Page of Swords
Chris Gabriel December 21, 2024
The lowest face card in the suit of Swords has a different title in each deck, though their symbolism and meaning are united. They are smoke and fog, the thick and heavy air personified. Each are weighed upon by the material reality of their ideas.
Both the Page and Valet are confused, uncertain of whether to fight or not. The Princess, however, is right in the thick of it, swinging her sword. As the Earth of Air, this card is the materialization of thought. It is the solid air and the blinding smoke and fog.
Each of these figures are in the fog of war and have no clear path ahead. This can be anxiety and impotence, or terrible blind violence; the unwillingness to fight, or the fury to kill.
Infact, the phrase “Fog of War” quite cleanly sums up the dignified character of the card.
War is the realm of uncertainty; three quarters of the factors on which action in war is based are wrapped in a fog of greater or lesser uncertainty.
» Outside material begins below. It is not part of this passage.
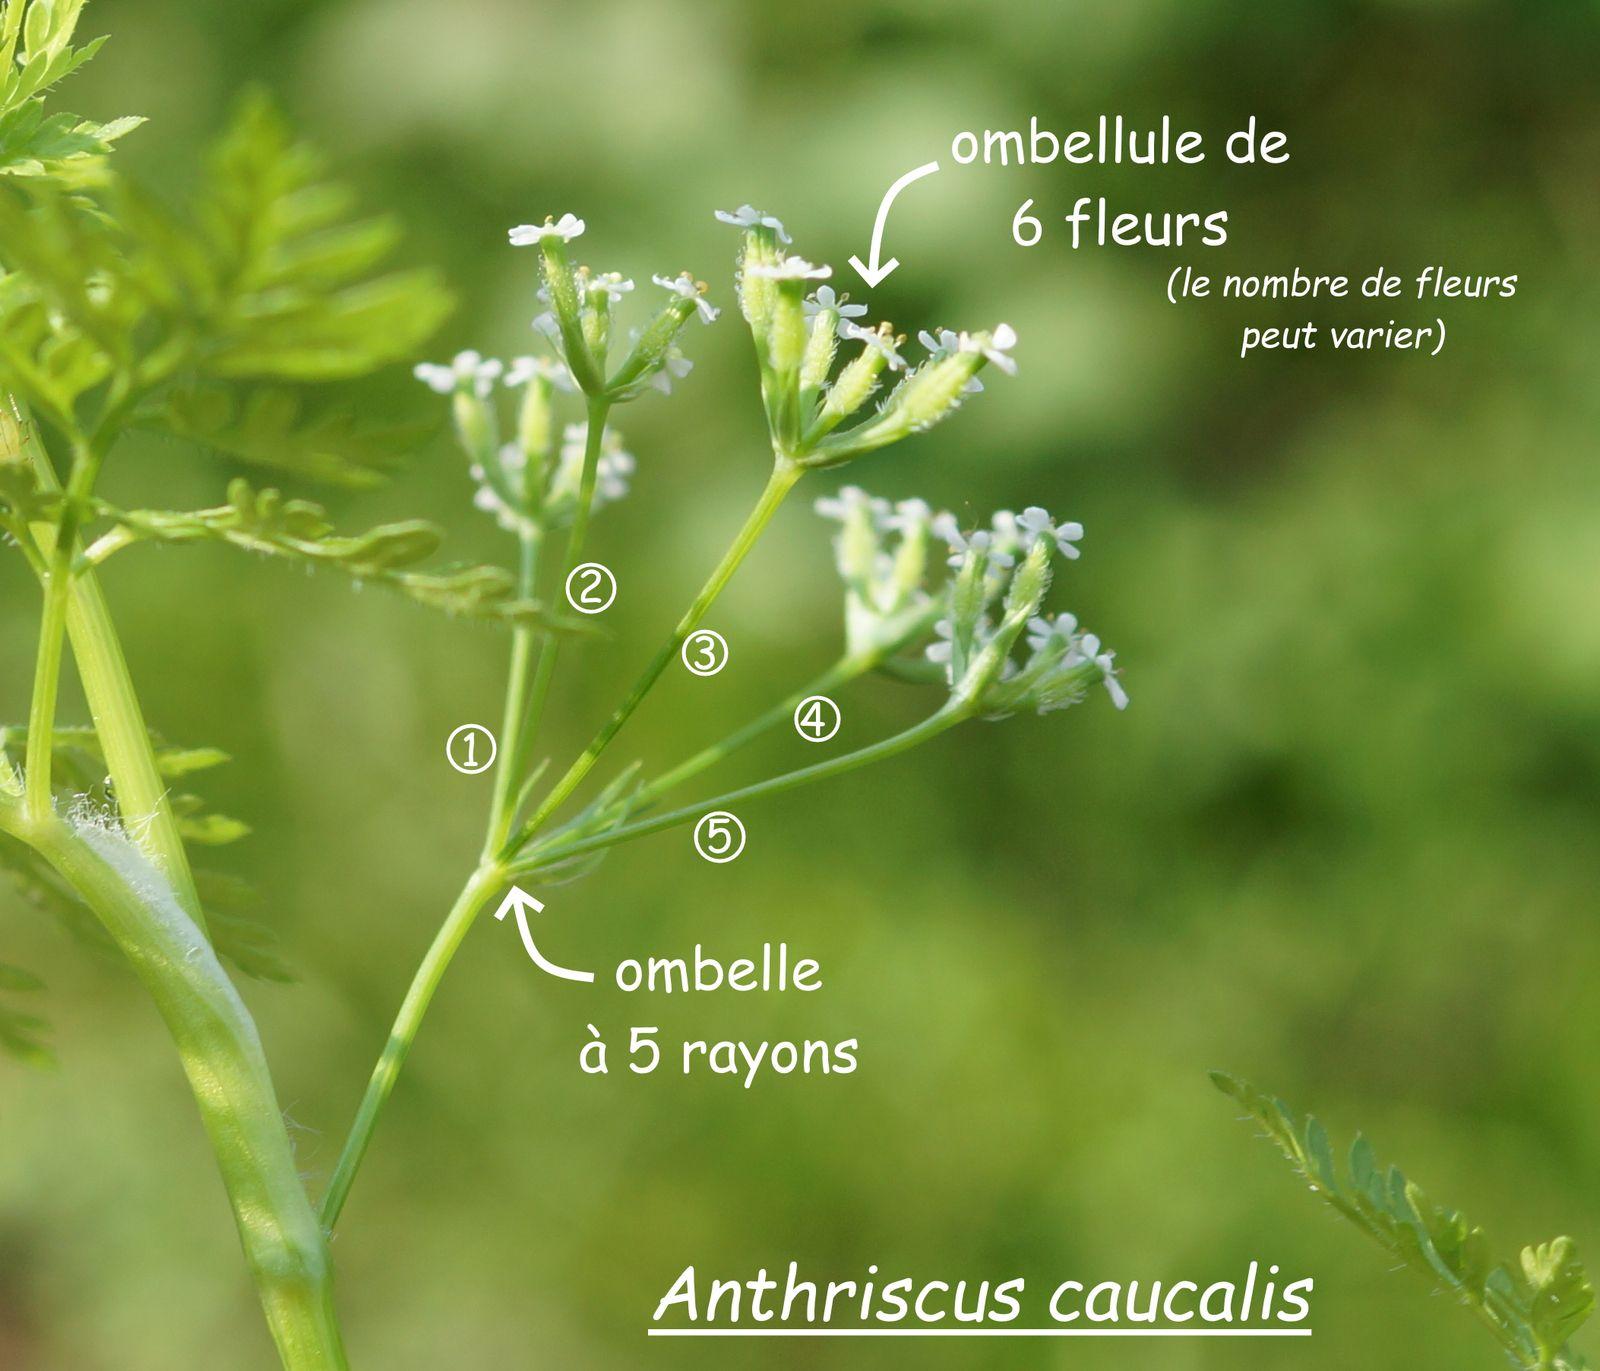 Ombelles d'Anthriscus caucalis et d'Anthriscus sylvestris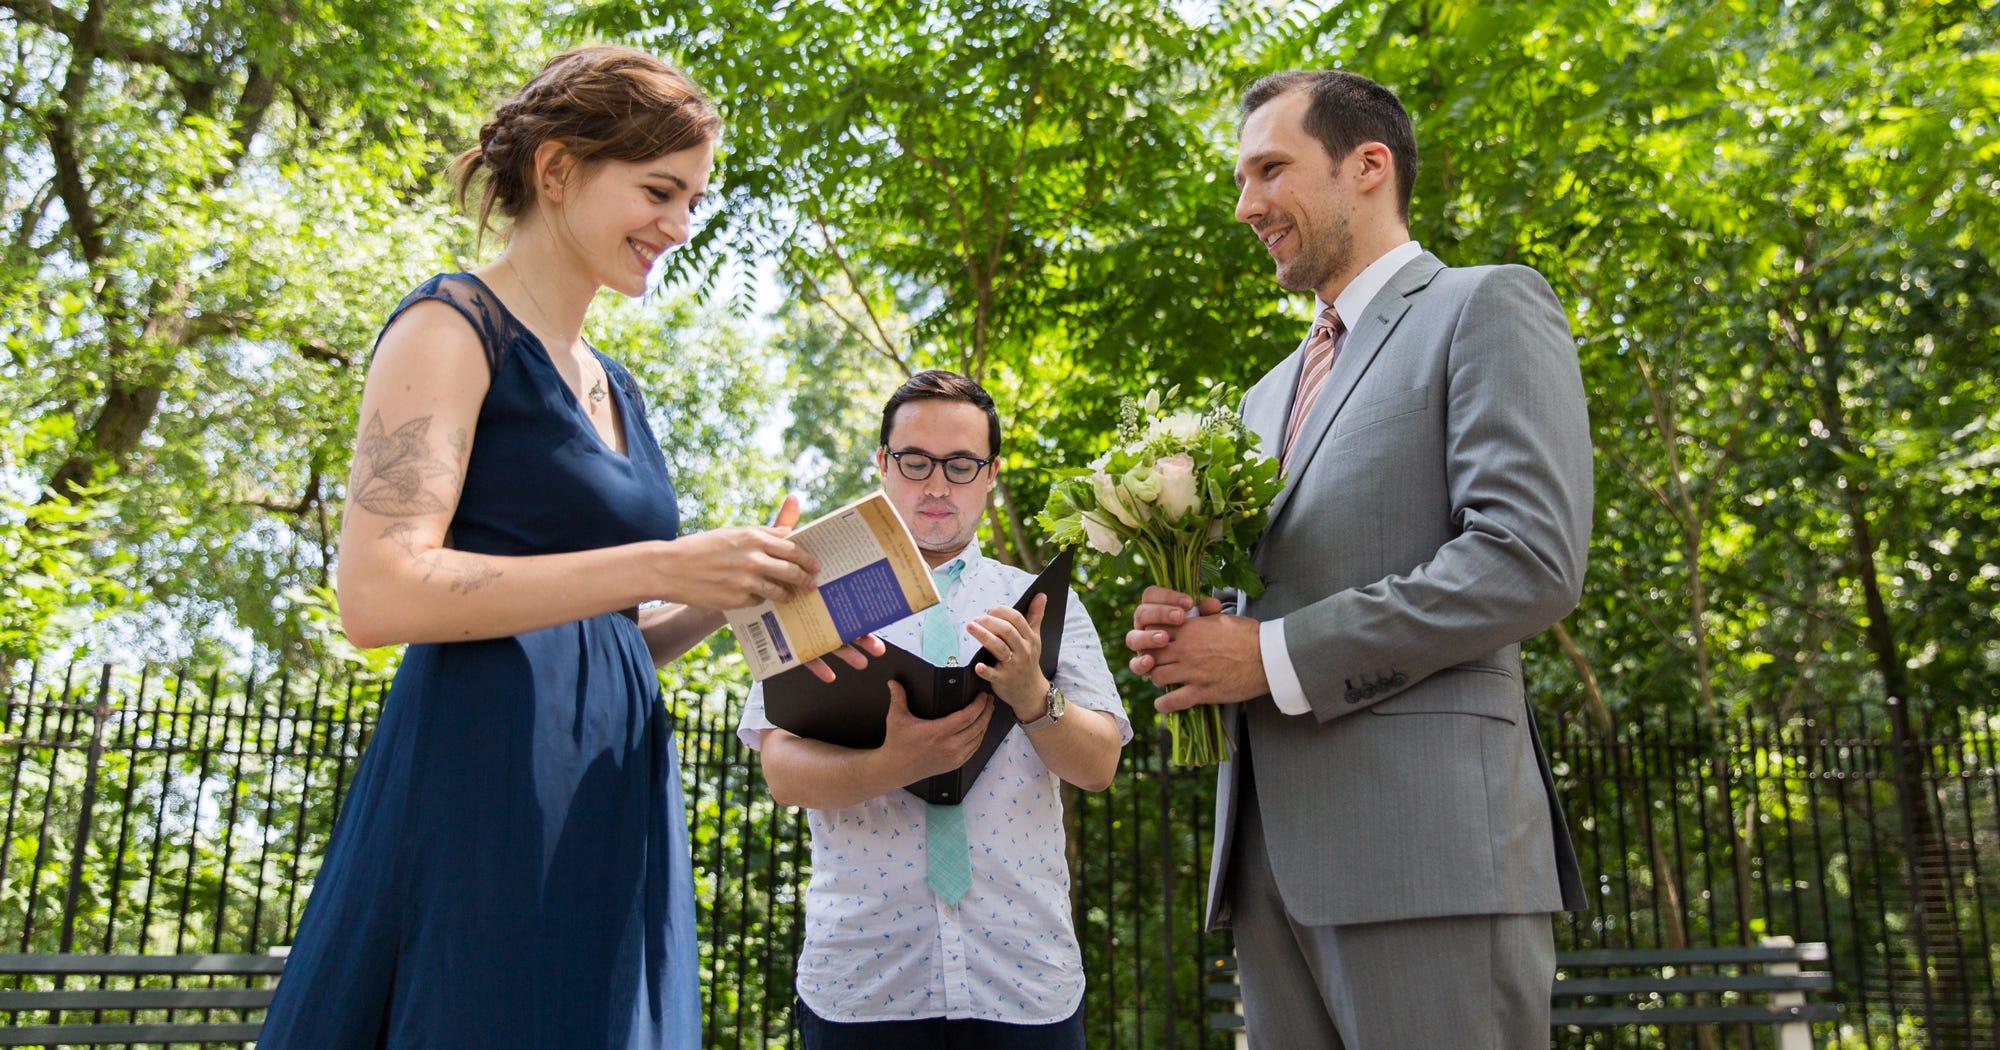 60 Non Traditional Wedding Vows: Traditional Wedding Vows

A sensitive and discriminating judgment is called for; a skilled intelligence to scent out the truth. — Carl von Clausewitz
At its best, this card is the sensitive and skilled intelligence, not the uncertain fog. The Princess is the clearest image of this: with her gorgon crest she is Artemis, the lunar huntress. As such, she can see in the dark and cut through the fog. Crowley describes her as the embodied wrath of God. She is also a Fury who, regardless of the complex morality at play in a situation, will blindly punish whoever they determine is wrong.
When we pull this card, we can expect to be met with a call to action. Whether we meet it with ready intelligence or vacillate in uncertainty is up to us. This can also represent a person directly, someone defined by thought.